Это, однако же, странно! Сколько русских видело эту выставку, сколько людей успело побывать в Лондоне, сколько было между ними и знатоков, и не знатоков, глубоких ревнителей просвещения, истинных патриотов, должностных людей, ездивших узнать и поучиться или просто поглазеть, сколько было и простых туристов, любопытных аматеров! Можно было ожидать, кажется, множество разных суждений, отчетов — никаких не появилось. Значит, и это путешествие кончилось для каждого у нас тем же, чем кончаются все остальные: ничем? Ни мысли свежей, ни воспоминания дорогого, ни животворного ощущения, ни нового толчка на будущую деятельность, ничего не явилось, ничего не произошло. От самых лучших, от самых избранных и приготовленных можно было одно только узнать: что наша художественная выставка показалась необыкновенно значительной, интересной; что в русском искусстве все открыли вдруг столько неожиданного совершенства, такие заслуги рисунка и краски, такие эффекты; нашли у нас столько отличных художников, что от сих пор нас будут уважать по заслугам и дадут, наконец, почетное место в ряду прочих европейских школ. Вот и все.
Поверим на минуту, что в самом деле так и было. Так что ж? Неужели радоваться таким результатам? Какое счастье, какое восхищение! Сами иностранцы нас похвалили! Сами французы и англичане нашли, что мы умеем держать кисть в руках, наносить краски на холсты, чертить руки и ноги. Что за неизреченная милость с их стороны, что за честь! Неужели целому народу меньше стыдно, когда его так хвалят, чем отдельному человеку то, когда про него скажут: о! да он меньше глуп, чем мы думали! И еще этим хвастаться и гордиться?
Если всемирная выставка должна была повести нас только к такому унижению перед другими, точно перед естественными господами своими, если она была нужна нам только на то, чтоб дождаться иностранной милости, стоило же для этого быть всемирной выставке, стоило же нам двинуть для нее хоть одним пальцем!
Но на деле было совсем другое.
Приговор иностранного общества не был таков, каким представился русскому самообожанию. Он не был настолько поверхностен, чтобы прийти в энтузиазм от одного нашего умения водить кистью, ни настолько высокомерен, чтоб вместо разбора милостиво кивать головой. Он был строг, но справедлив.
Хотите знать, что во время всемирной выставки говорили и писали о нас? Говорили и писали, что нельзя, конечно, отрицать нашей художественной способности, что дарование у нас бесспорное, что, быть может, нам предстоит значительная своеобразная будущность, если судить по некоторым исключениям, и то — исключениям новейшего времени. Но что искусство наше обвито до сих пор такими пеленками, всегда столько бросалось на подражание, держалось так далеко от всякой самостоятельности и тратило свои силы на такие пустяки, что никакого определительного суждения составить себе о нем покуда нельзя.

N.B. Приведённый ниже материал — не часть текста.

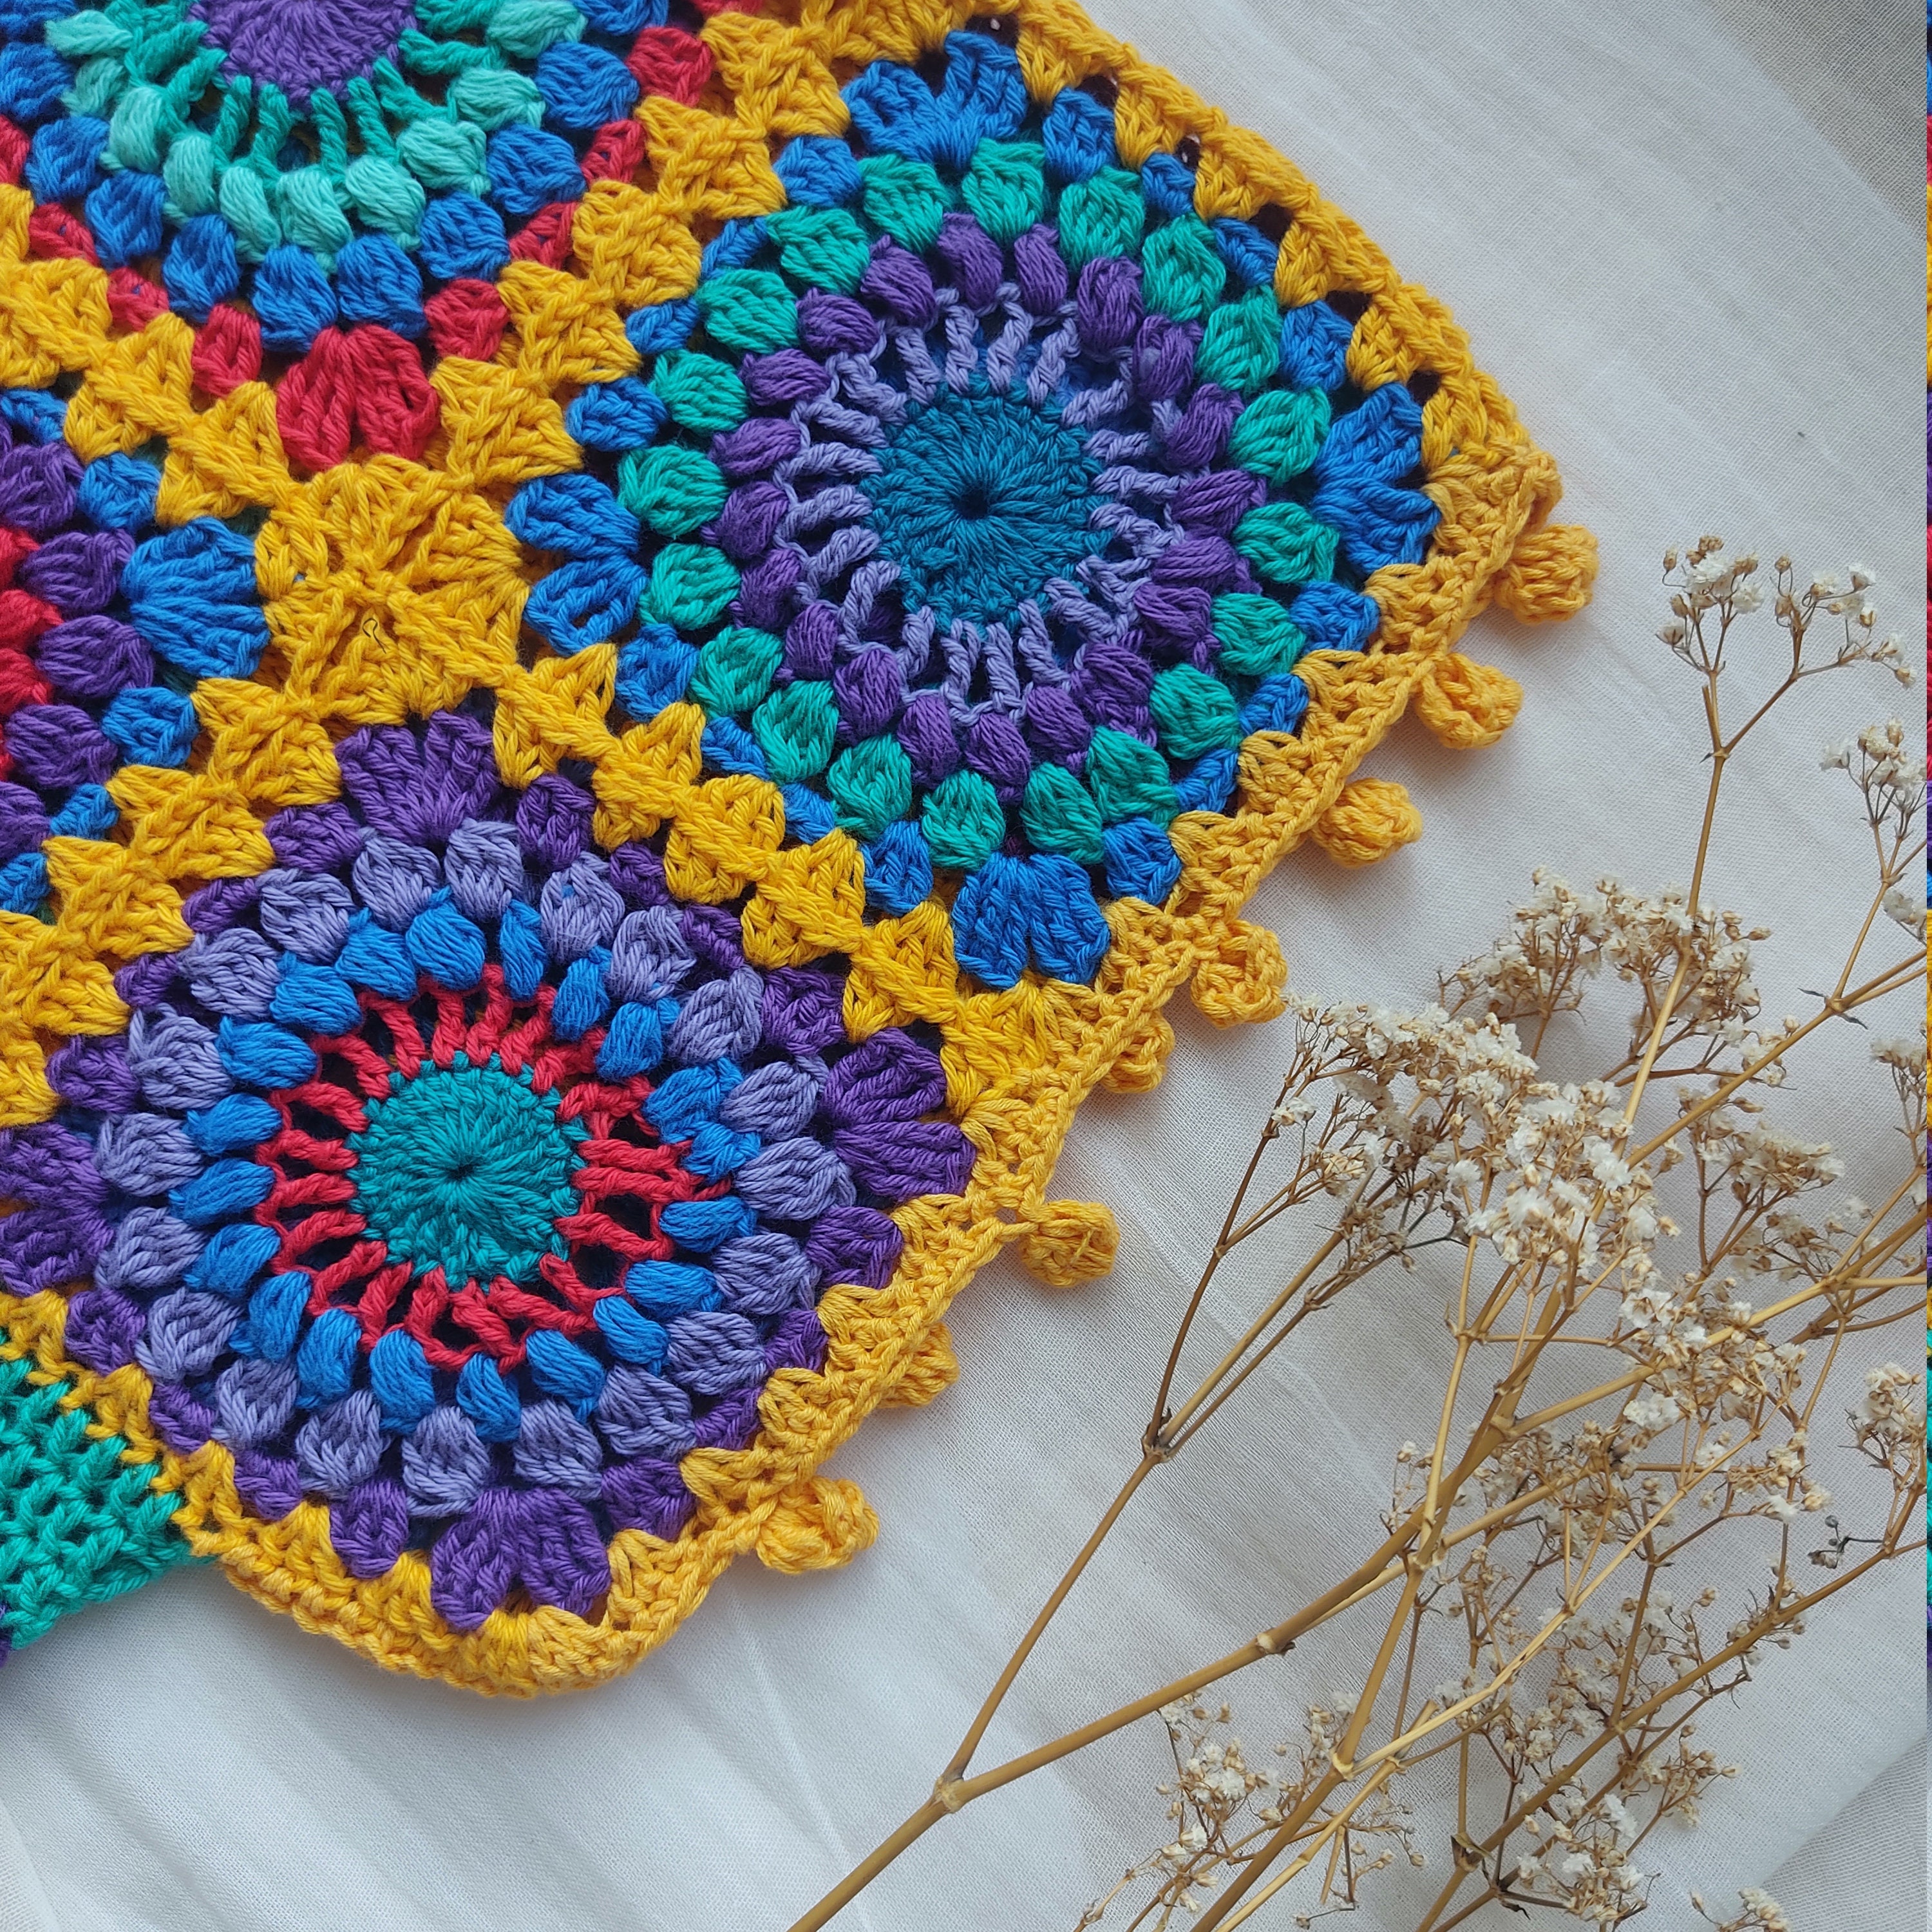 Boho Granny Square Bralette Crochet pattern by Storm & Zoe

Наши самодовольные защитники, кажется, всего более нуждающиеся не в истине, а в том, что приятно слышать про себя и своих, как-то не заметили многочисленных разборов выставки, где о нашем искусстве было сказано только это и ничего больше, и что ему отвели место лишь в одном ряду со Швейцарией, Швецией, Норвегией и Северной Америкой, да и у тех нашли несколько таких художников, которые обозначают собою новый шаг развития в истории общеевропейского искусства. Какое разочарование!
Вот достойные плоды его бесхарактерицы, его вечного копирования, вот достойное наказание за его раболепство перед чужим искусством, перед чужими школами. При первом столкновении русских произведений с произведениями других народностей никто не нашел ничего важного в произведениях, которыми мы гордимся. «Что тут для нас интересного, — говорили иностранцы, — в этих подражаниях то Каррачам, то Гвидо-Рениям, то французам прошлого века, то немцам нынешнего! У нас есть самые оригиналы. Да нам же давно надоели наши собственные подражатели. От них, слава богу, наконец отделались, — что же нам в ваших-то! Вот пусть будет у вас своя собственная школа, без подражаний и повторений, тогда дело другое, тогда давайте изучать, давайте толковать, станемте меряться, а то что!» И они, пожалуй, правы.

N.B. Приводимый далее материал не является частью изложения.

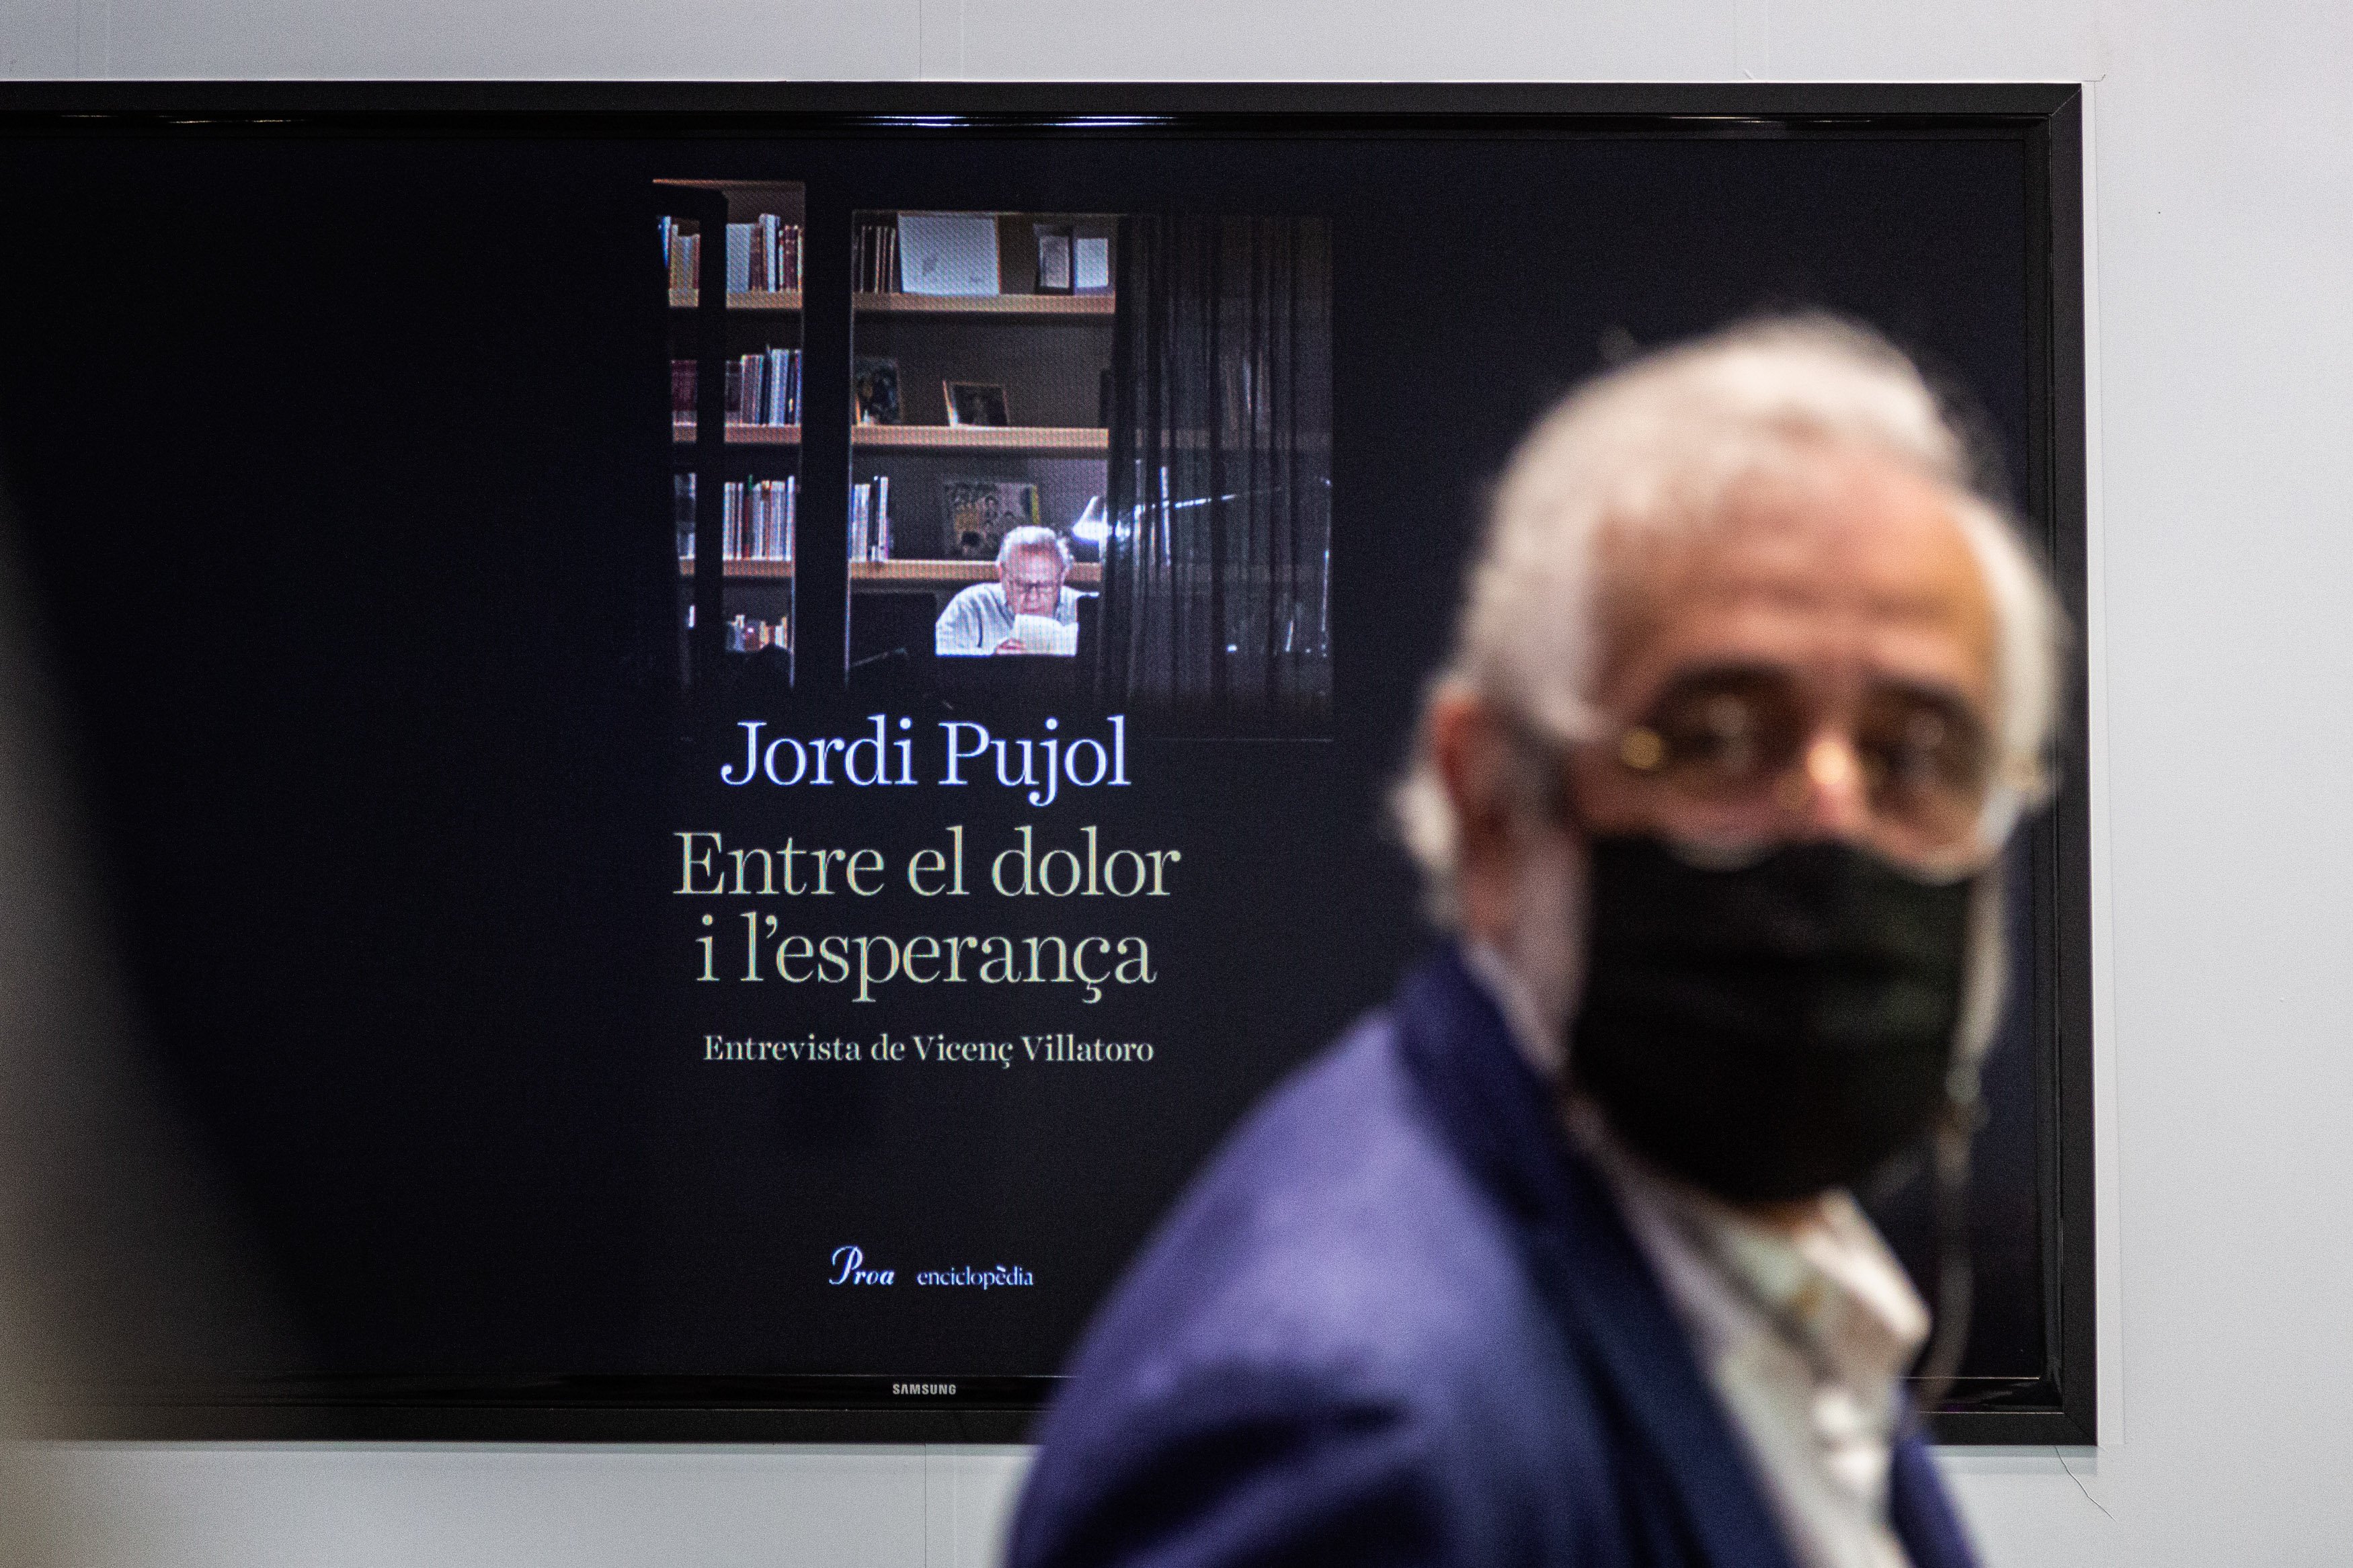 Herein, the will and testament of Jordi Pujol

Большое дело всемирная выставка. Она всемирный экзамен. Все тут разом переменяется: и угол зрения, и перспектива рассматривающего, и физиономия рассматриваемого.

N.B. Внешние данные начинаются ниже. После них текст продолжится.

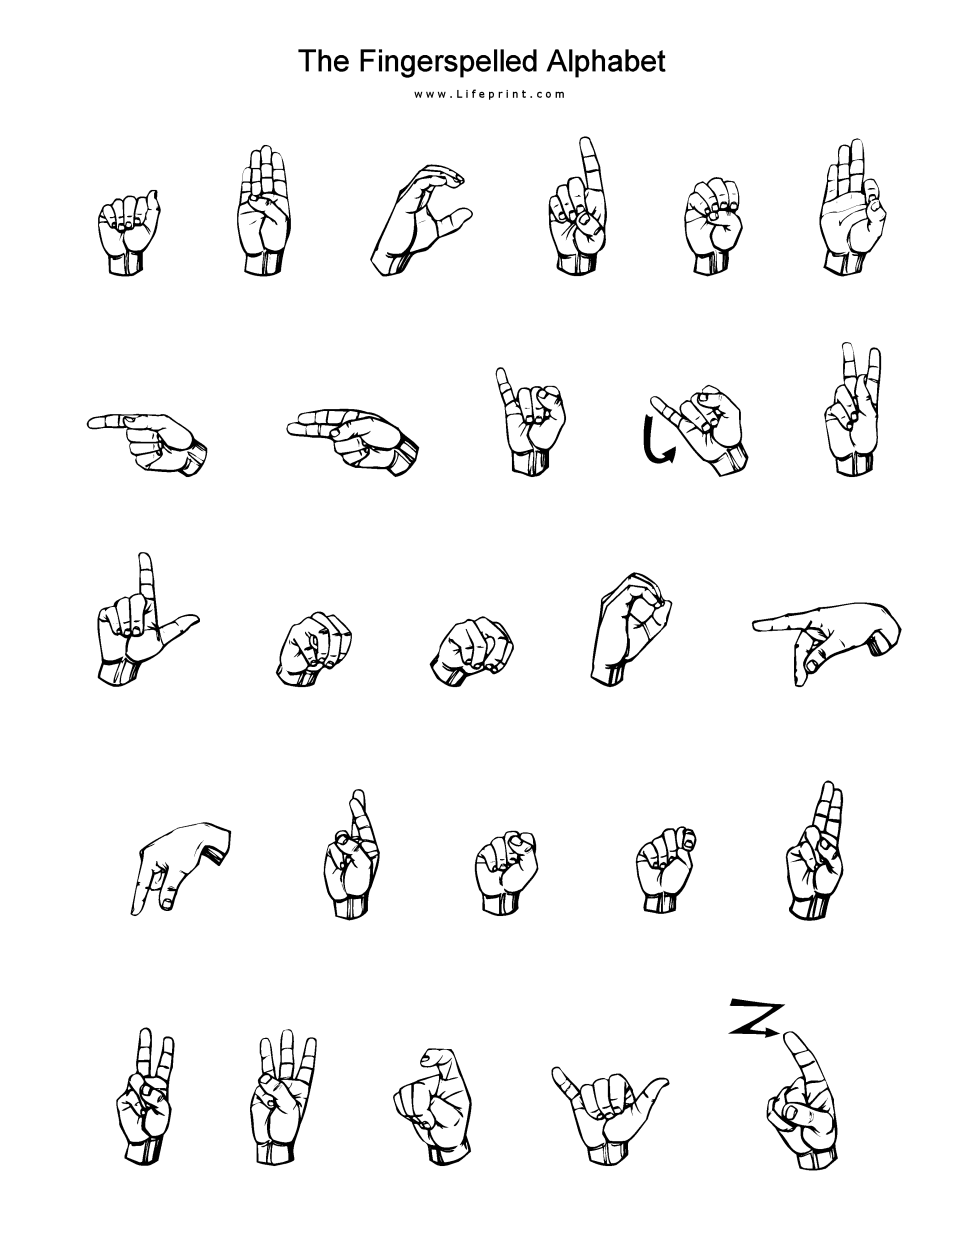 deaf sign language alphabet

Мало ли кто дома казался великим светилом, мало ли кого иногда приходилось принимать за художника всемирного, кто потом, при сравнении с другими, вовсе не оказывался талантом необычайным. Какое неожиданное превращение! Вдруг выходит, что для нас одних существовало все это величие, вся эта громадность, что и у других бывали такие же художники, а никто не считал их выше посредственности или обыкновенности.
Всемирная выставка — смерть и гибель для всех оптических обманов, верная кара чванным самообожаниям. Ее руки суровы, но ничто не заменит их пользу, когда к ним приступают без смешного подобострастия, без раболепной трусости — они даже и к выигрышу никакому не ведут, — но вместе и без чванного довольства самим собою.